### [Data block]
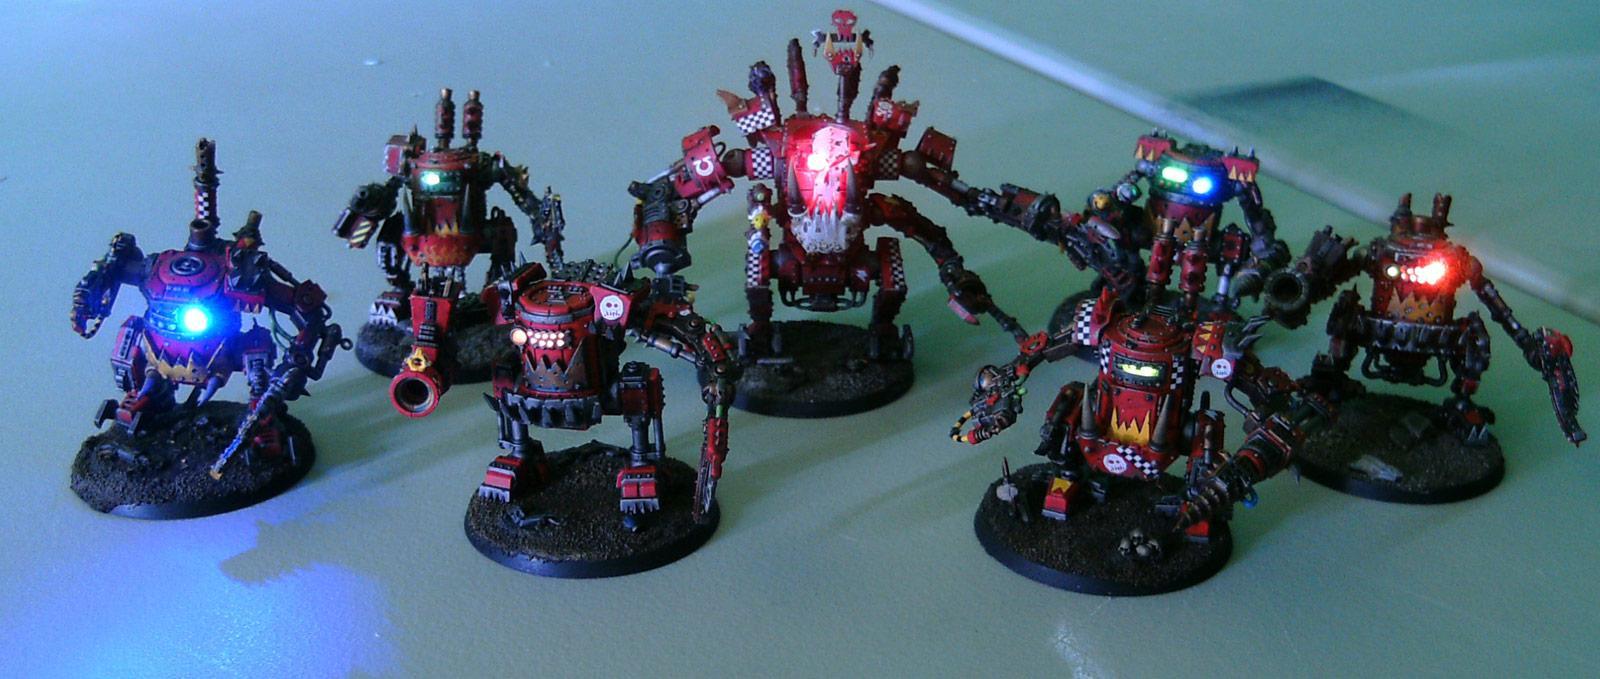 Killa Kans, LED, Lights, Orks, Ouze, Walker, Warhammer 40,000
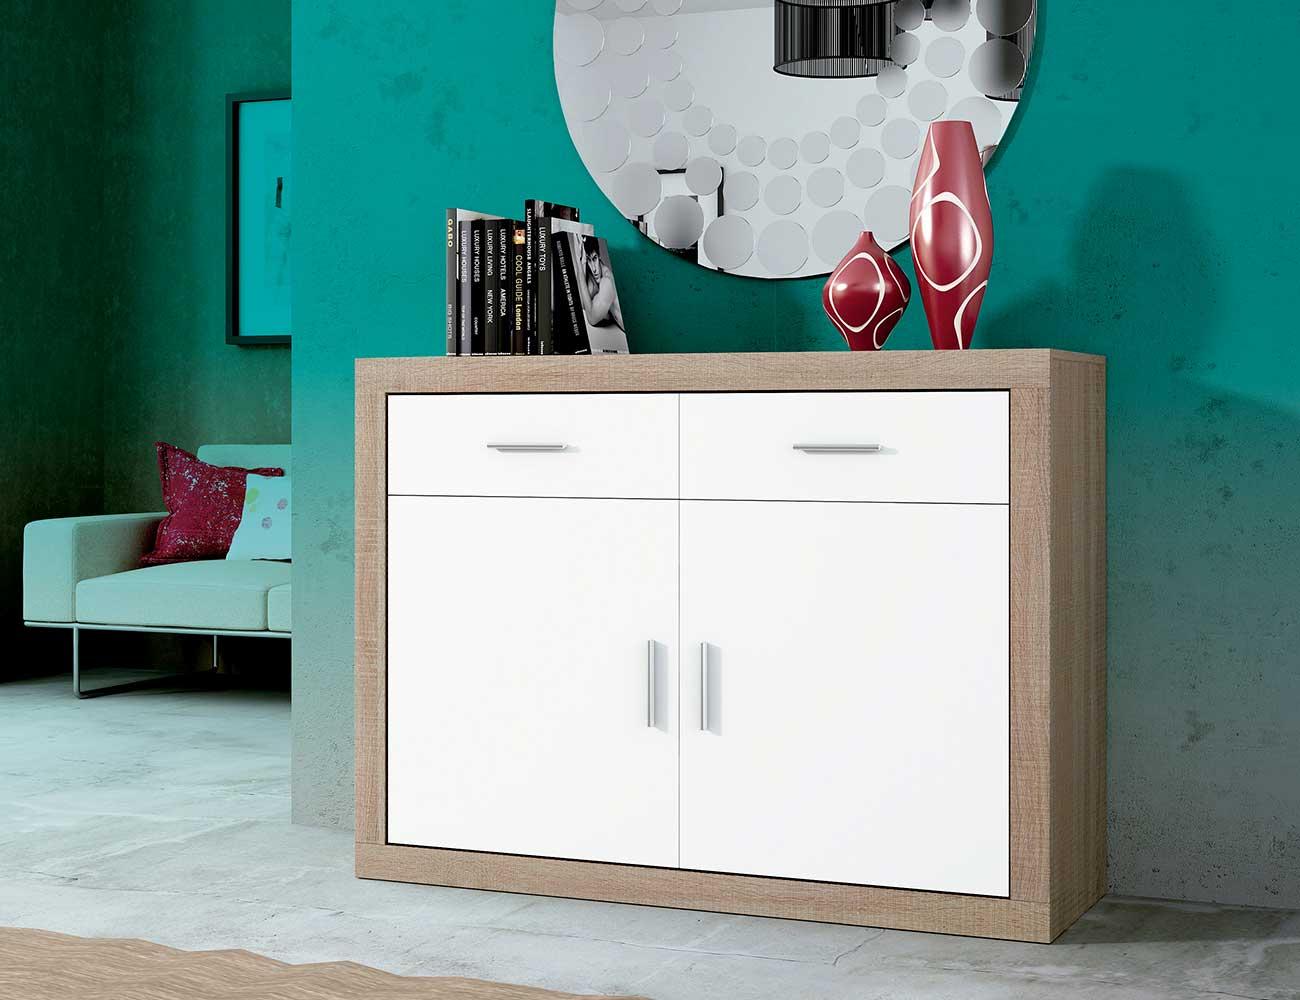 Mueble salon aparador 2 puertas cambrian blanco 120 cm11
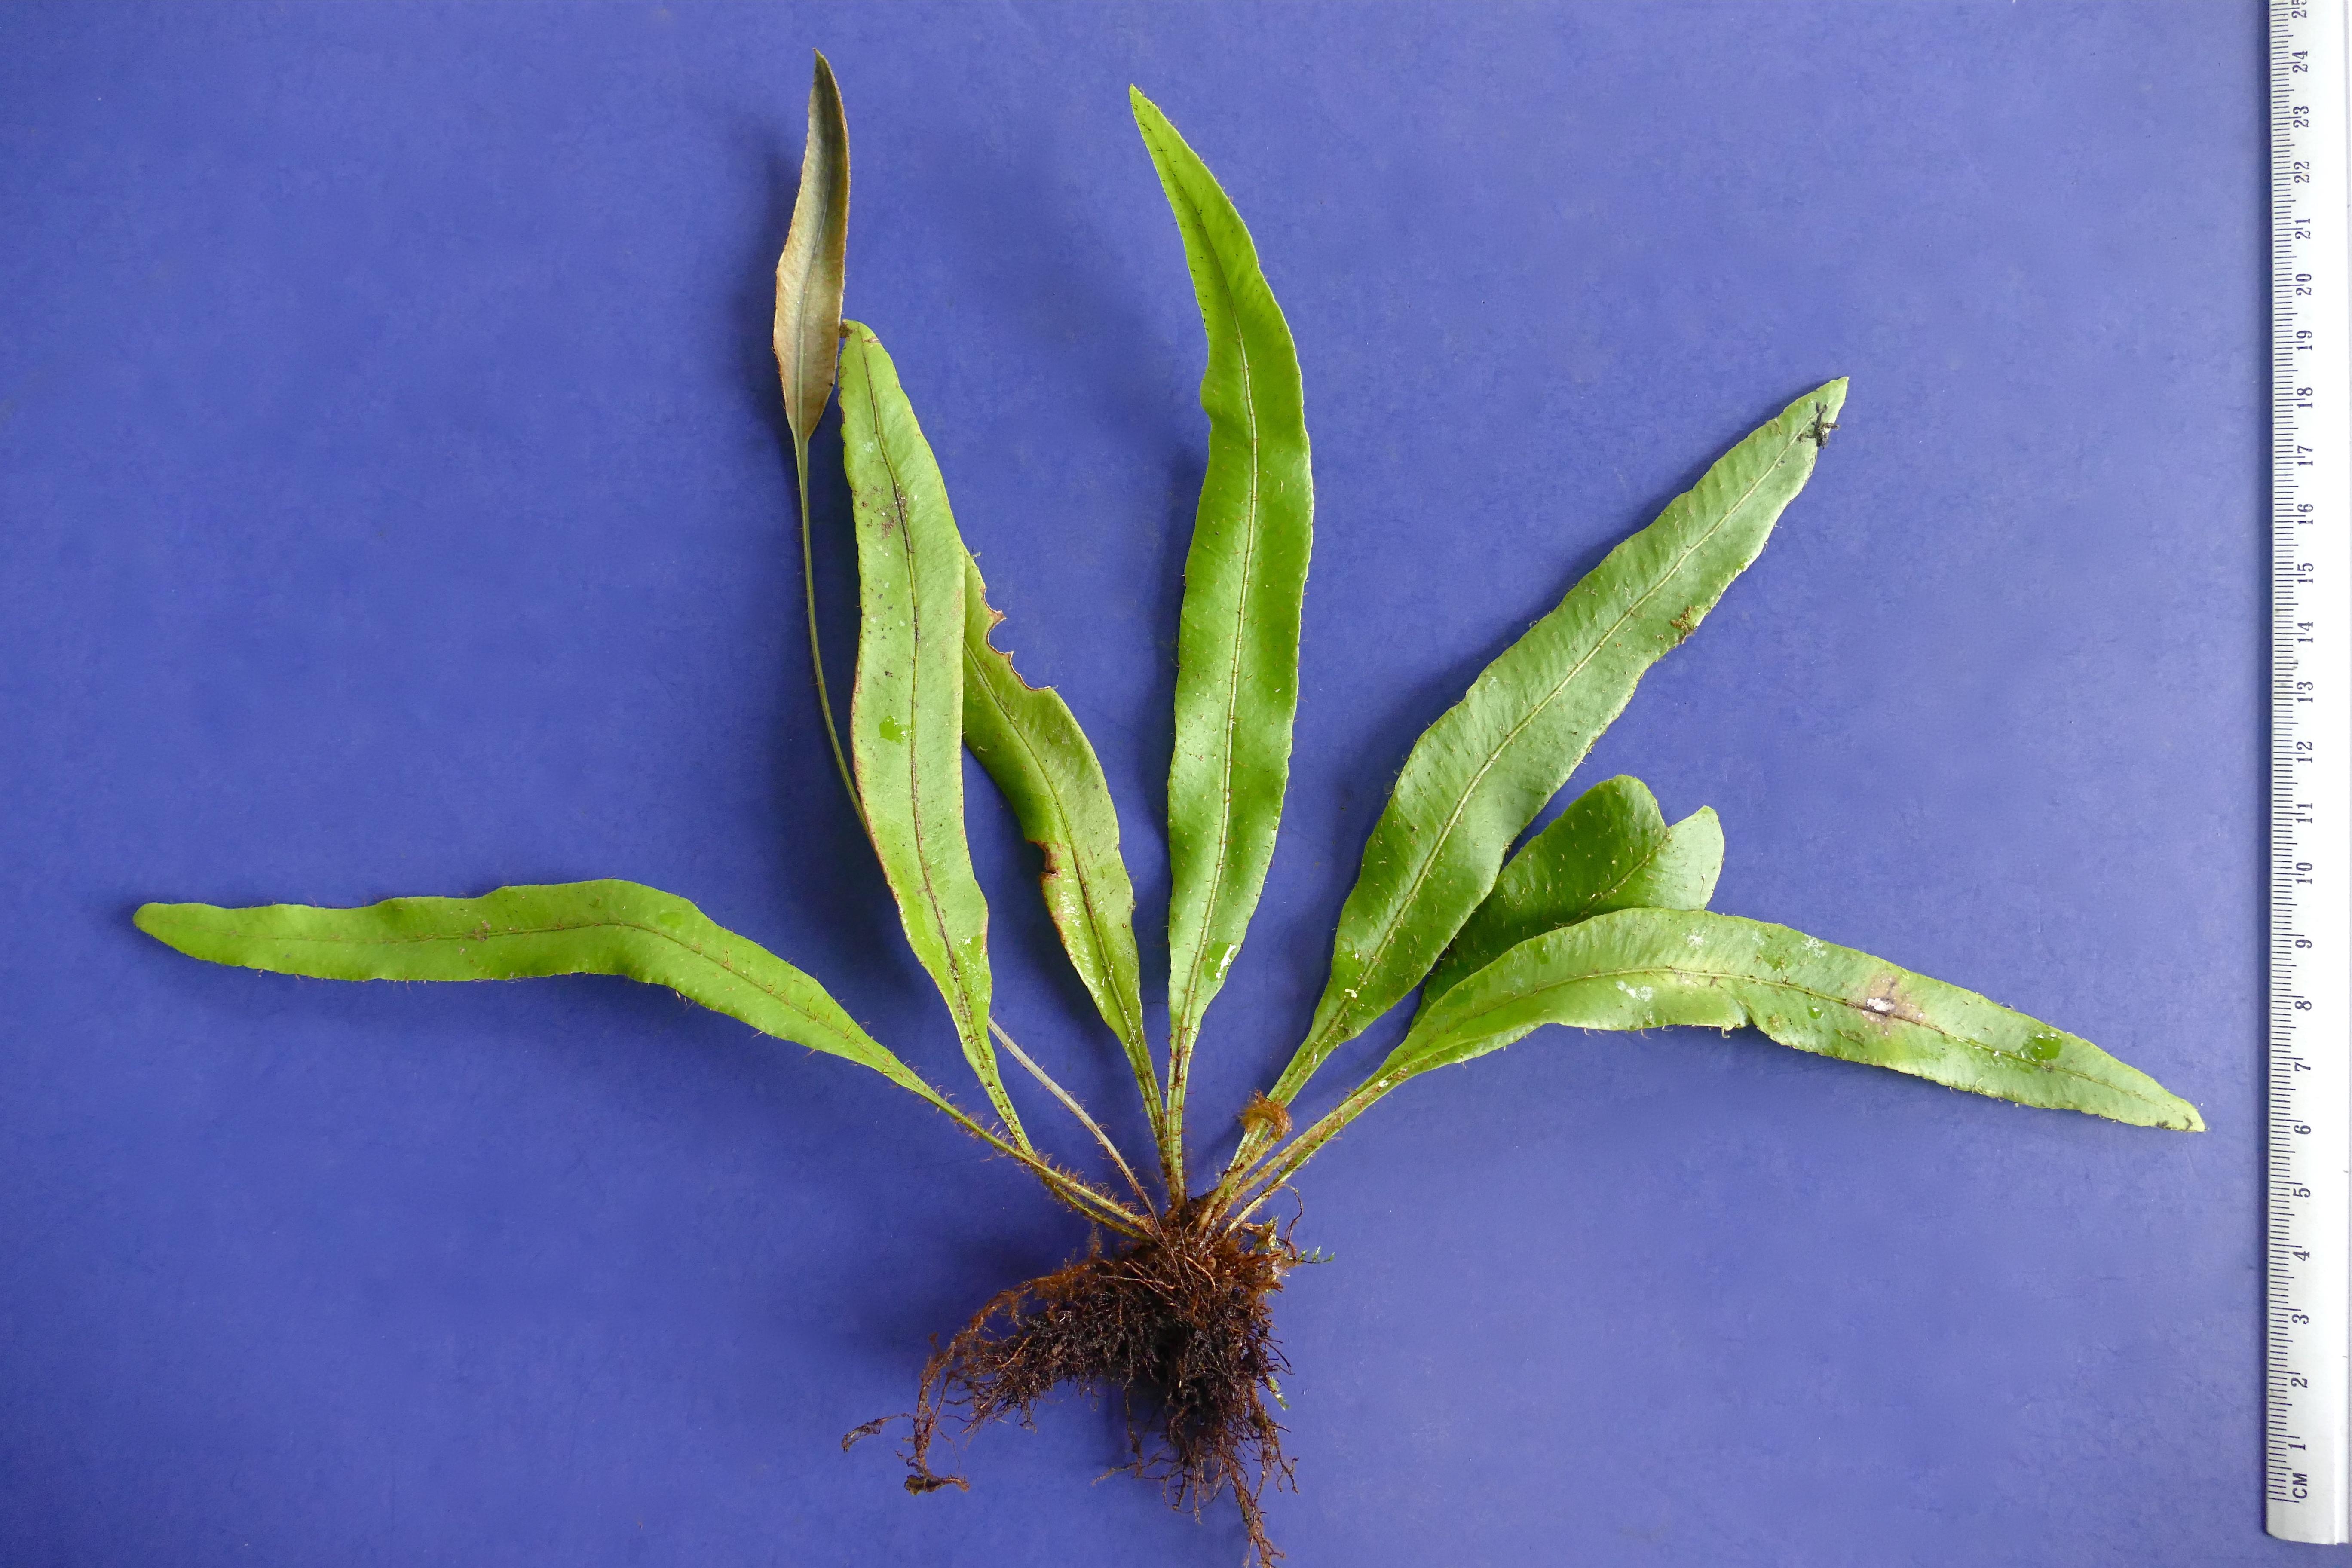 Elaphoglossum maculatum

### [What to do]
From the line containing "Mueble salon aparador" through the final line of the listing above, reproduce every line exactly, with no pictures.

### [Finished task]
 Mueble salon aparador 2 puertas cambrian blanco 120 cm11
 Elaphoglossum maculatum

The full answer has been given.